**What you have to do**
Pictures in the material below are to be left out, and only the lines from the line with "New evidence on" up to and including the line with "Governor Shapiro Signs" are to be written out exactly.

**Material for this exercise**

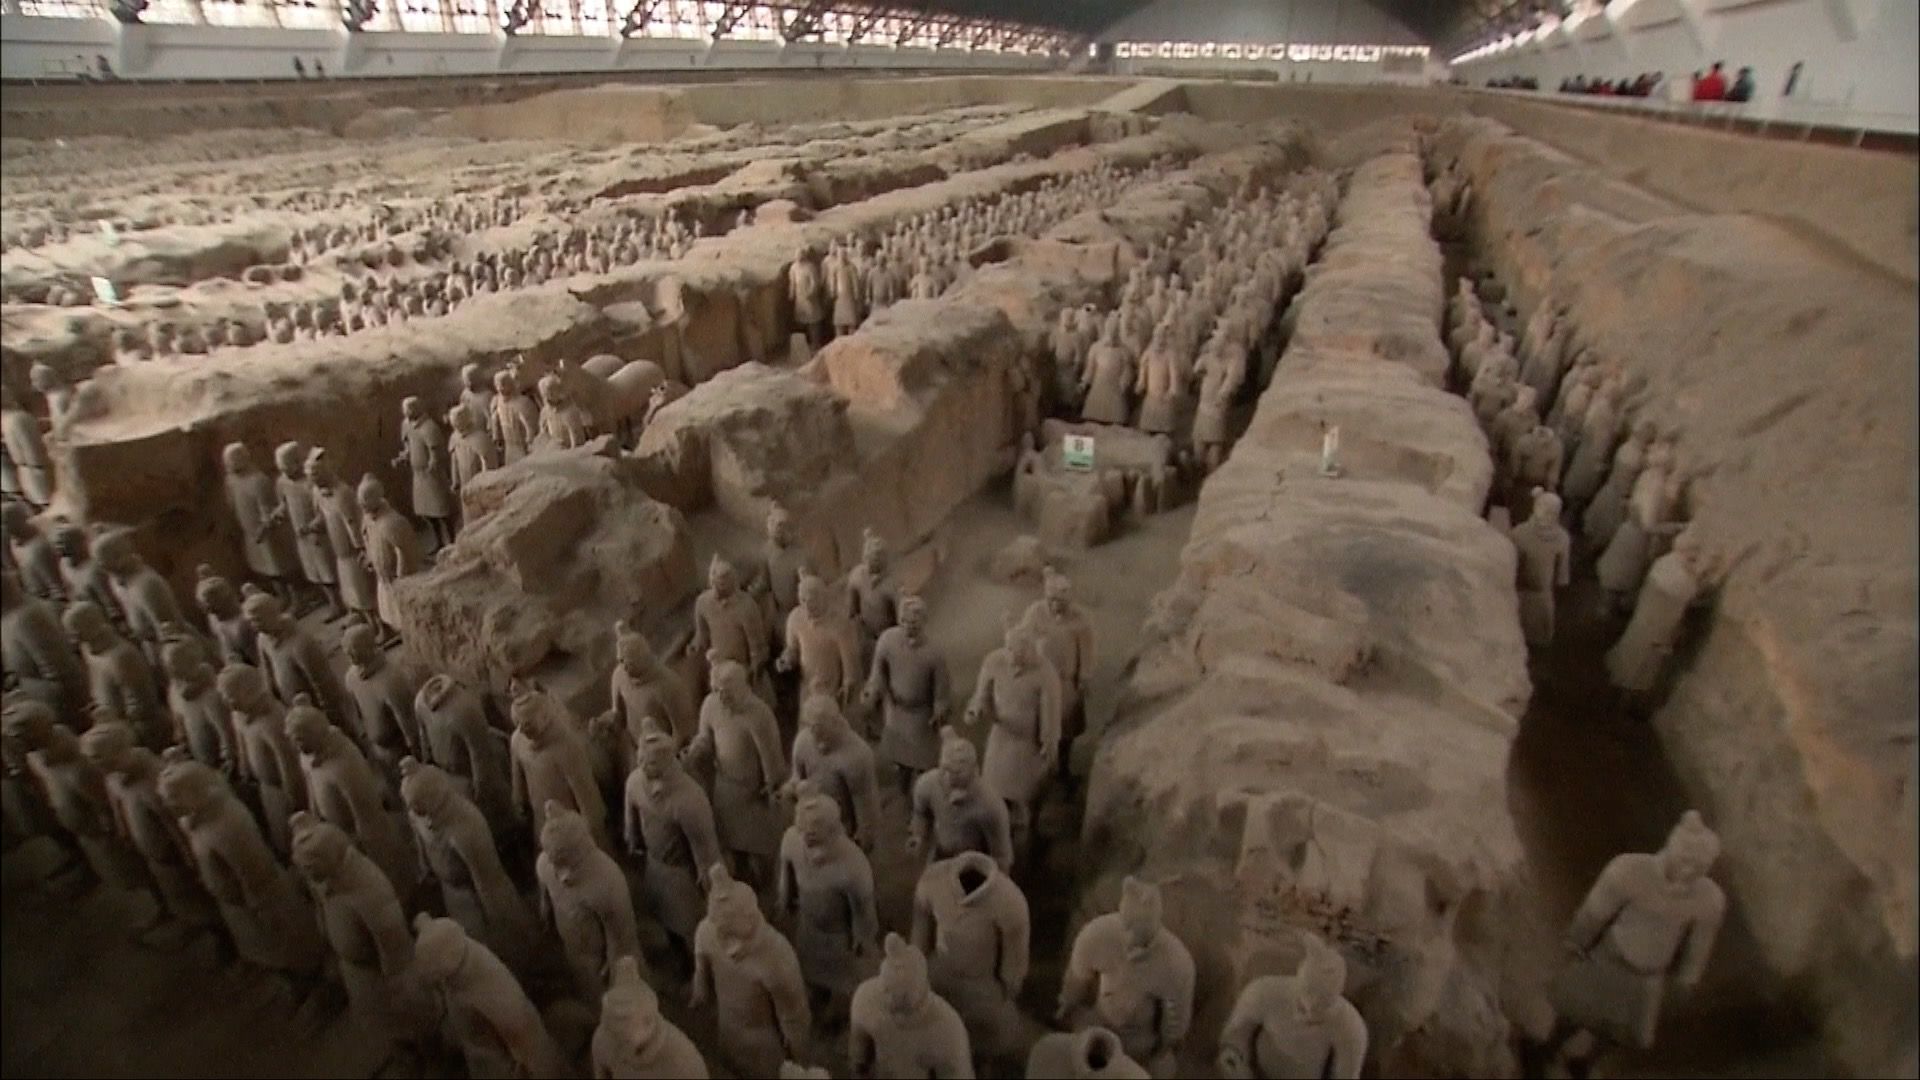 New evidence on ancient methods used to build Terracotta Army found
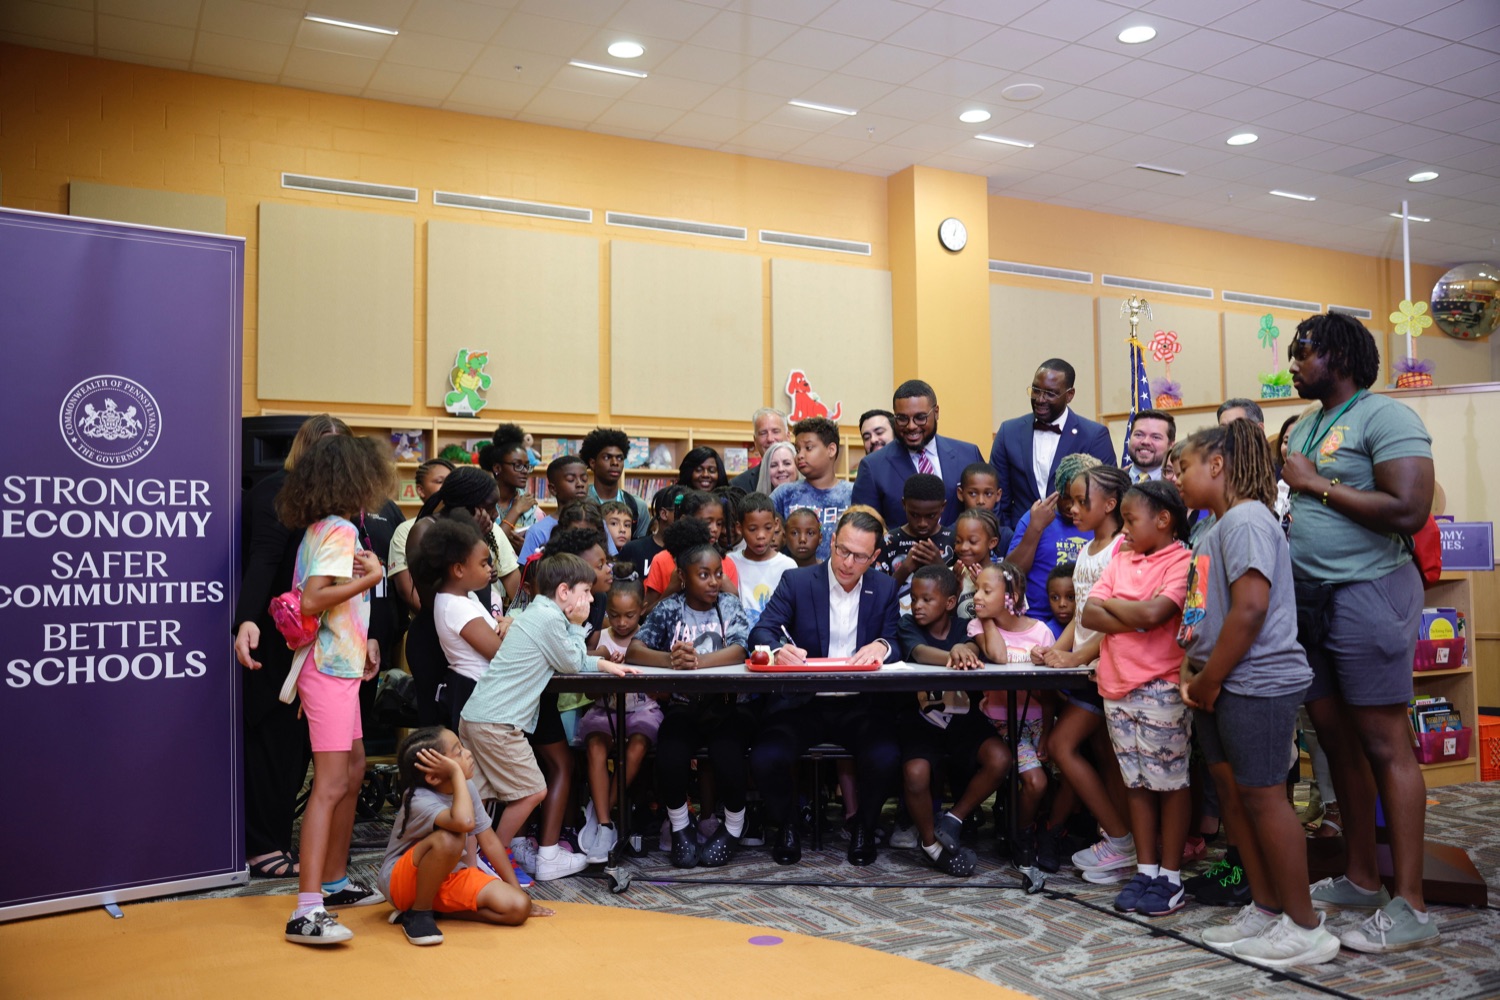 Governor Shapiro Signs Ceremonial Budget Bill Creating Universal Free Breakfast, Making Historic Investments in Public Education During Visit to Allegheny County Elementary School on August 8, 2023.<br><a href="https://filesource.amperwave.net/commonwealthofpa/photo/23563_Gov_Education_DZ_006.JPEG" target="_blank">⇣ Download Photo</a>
==
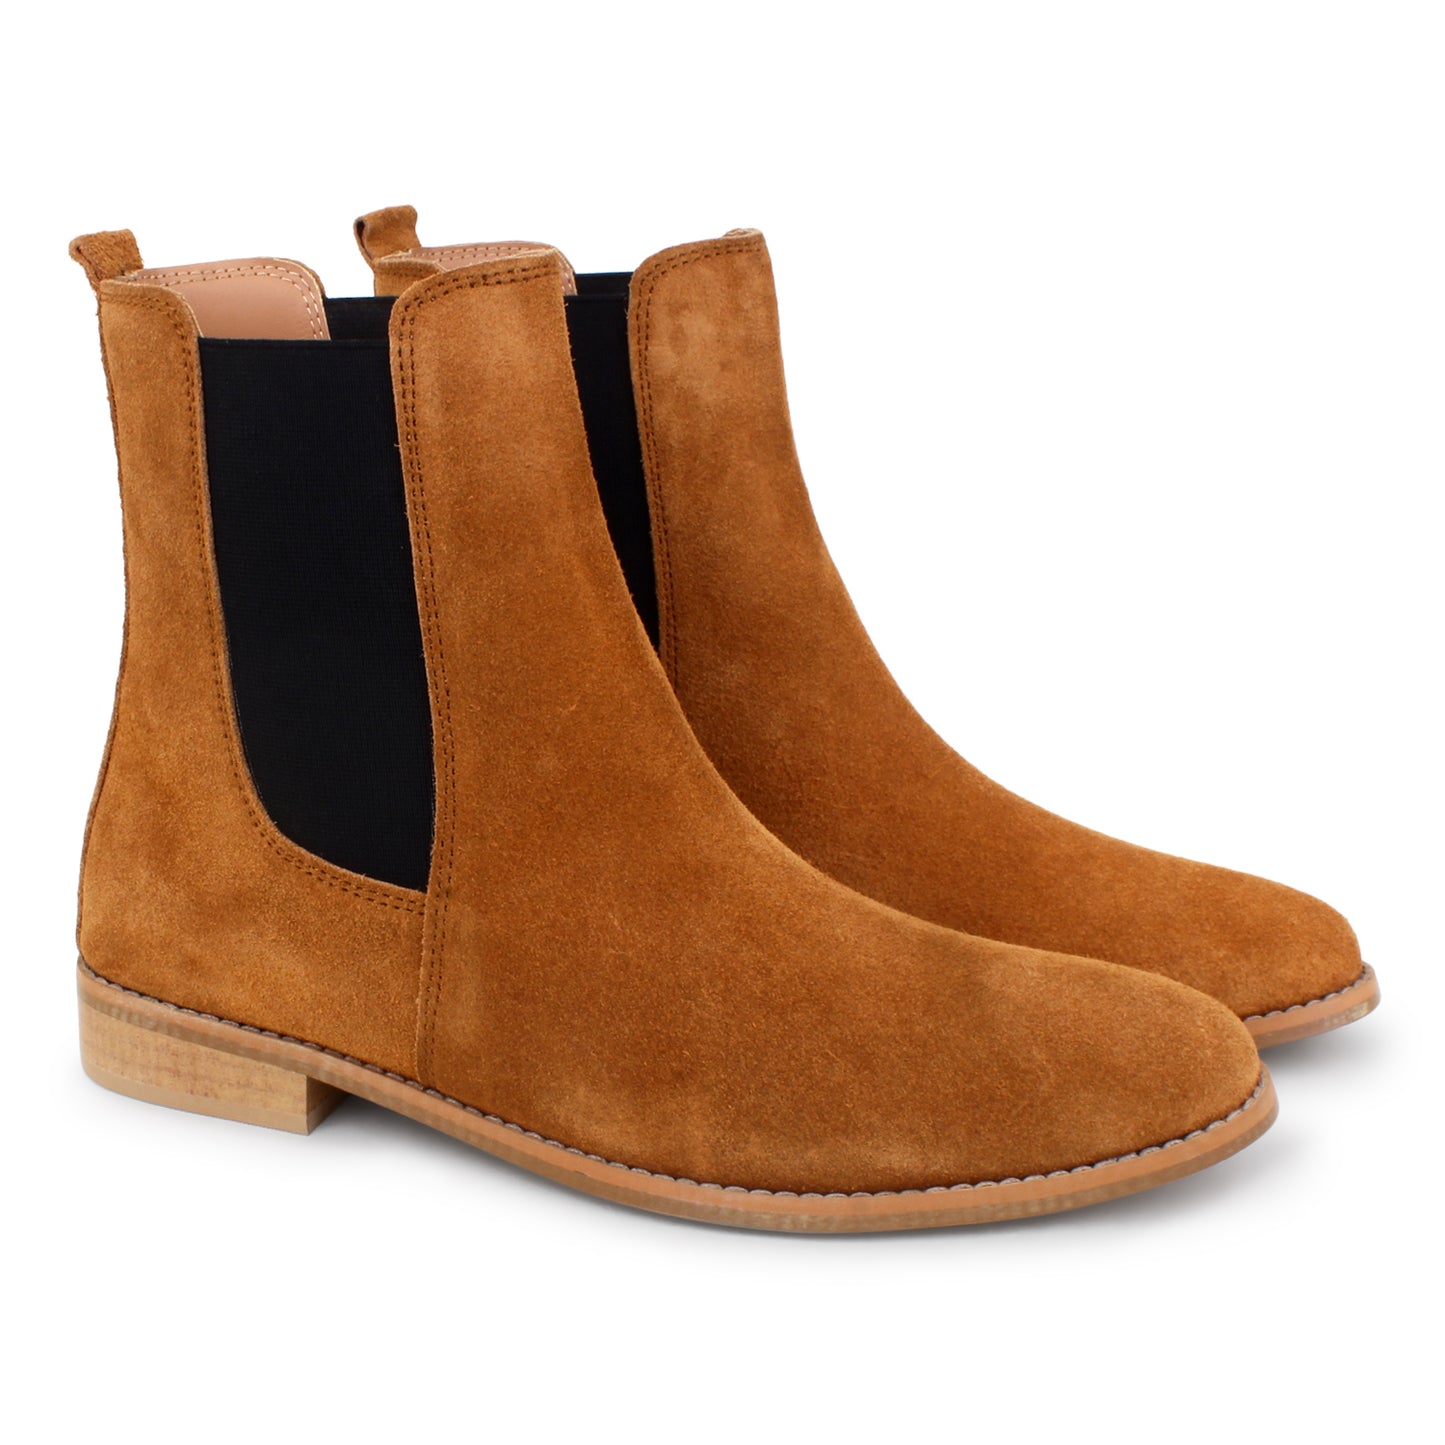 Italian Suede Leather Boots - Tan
---
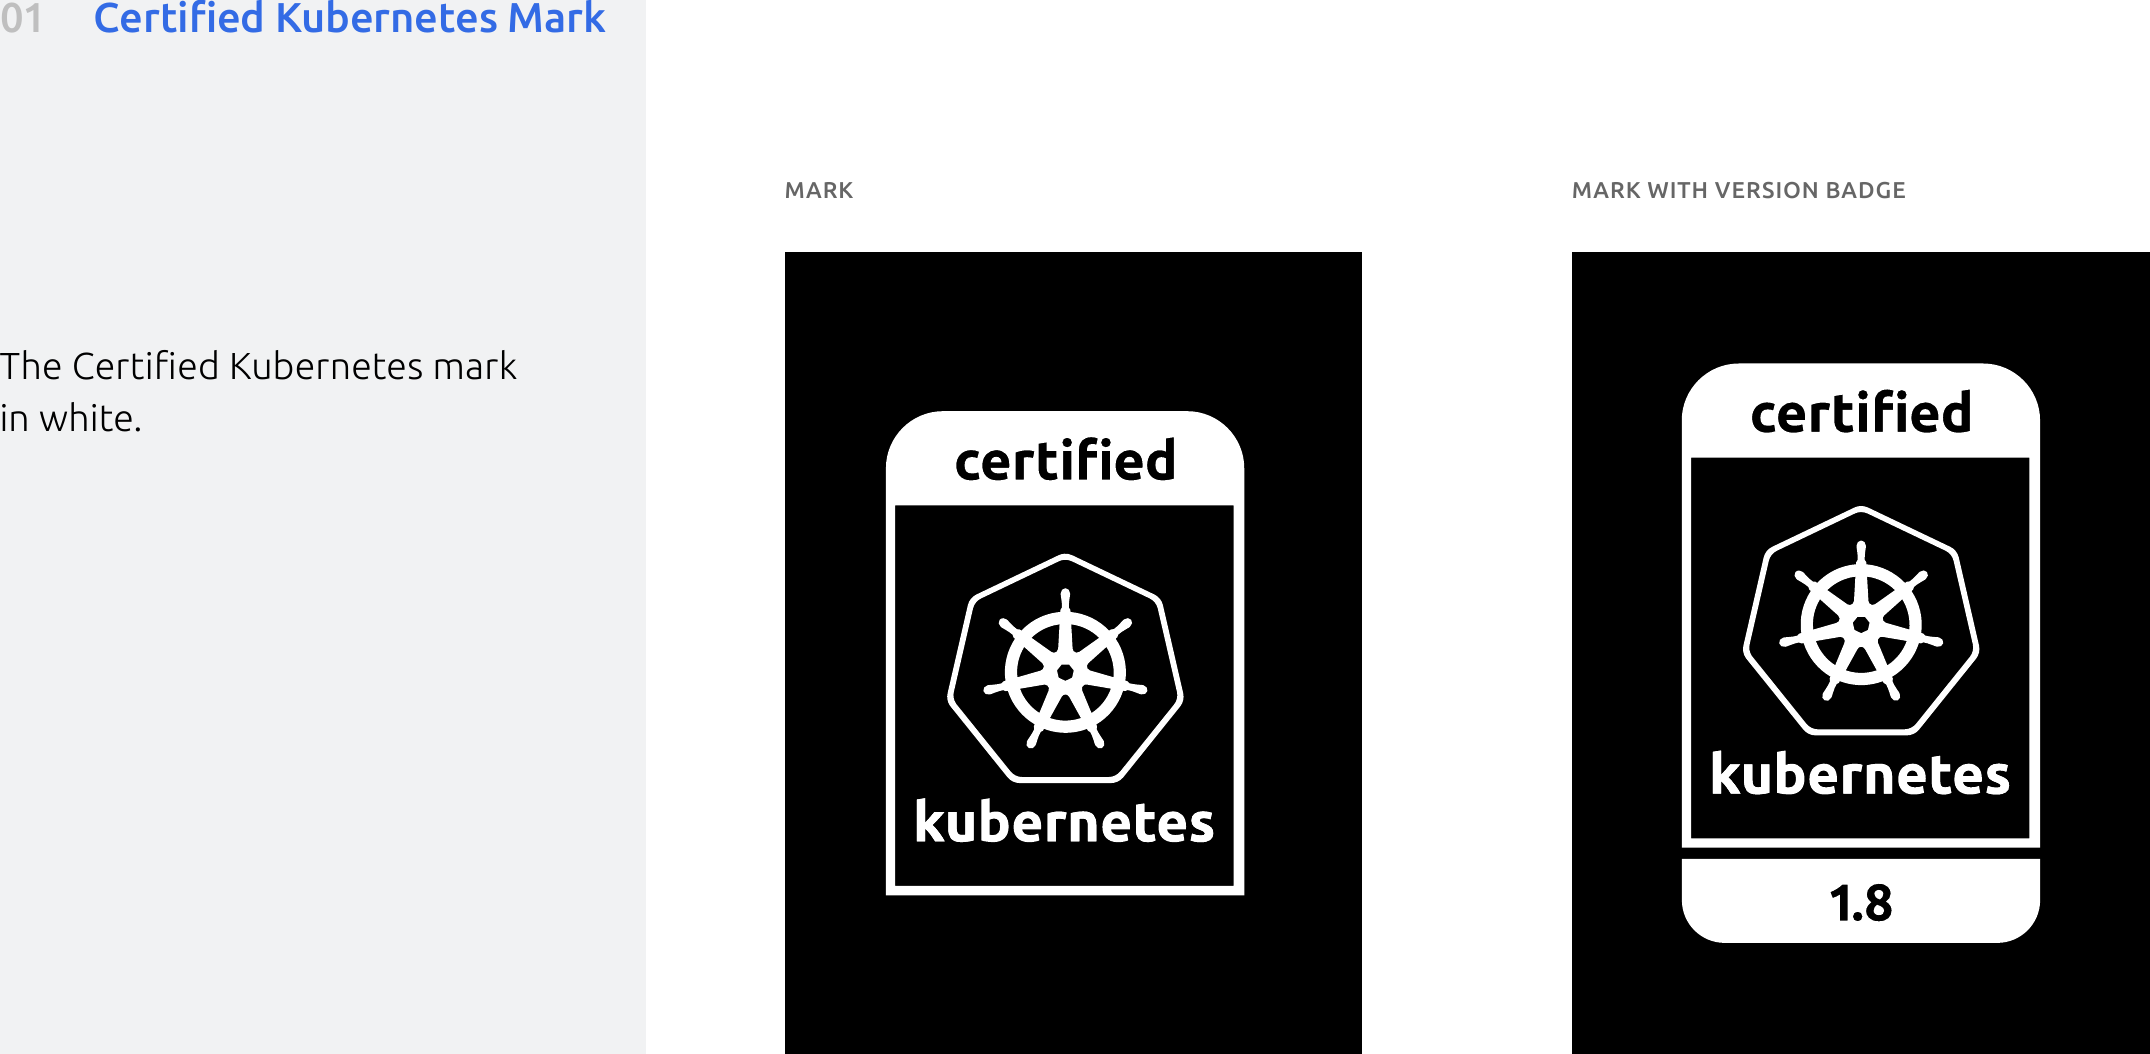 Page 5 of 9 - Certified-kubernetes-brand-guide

**Task output**
 New evidence on ancient methods used to build Terracotta Army found
 Governor Shapiro Signs Ceremonial Budget Bill Creating Universal Free Breakfast, Making Historic Investments in Public Education During Visit to Allegheny County Elementary School on August 8, 2023.<br><a href="https://filesource.amperwave.net/commonwealthofpa/photo/23563_Gov_Education_DZ_006.JPEG" target="_blank">⇣ Download Photo</a>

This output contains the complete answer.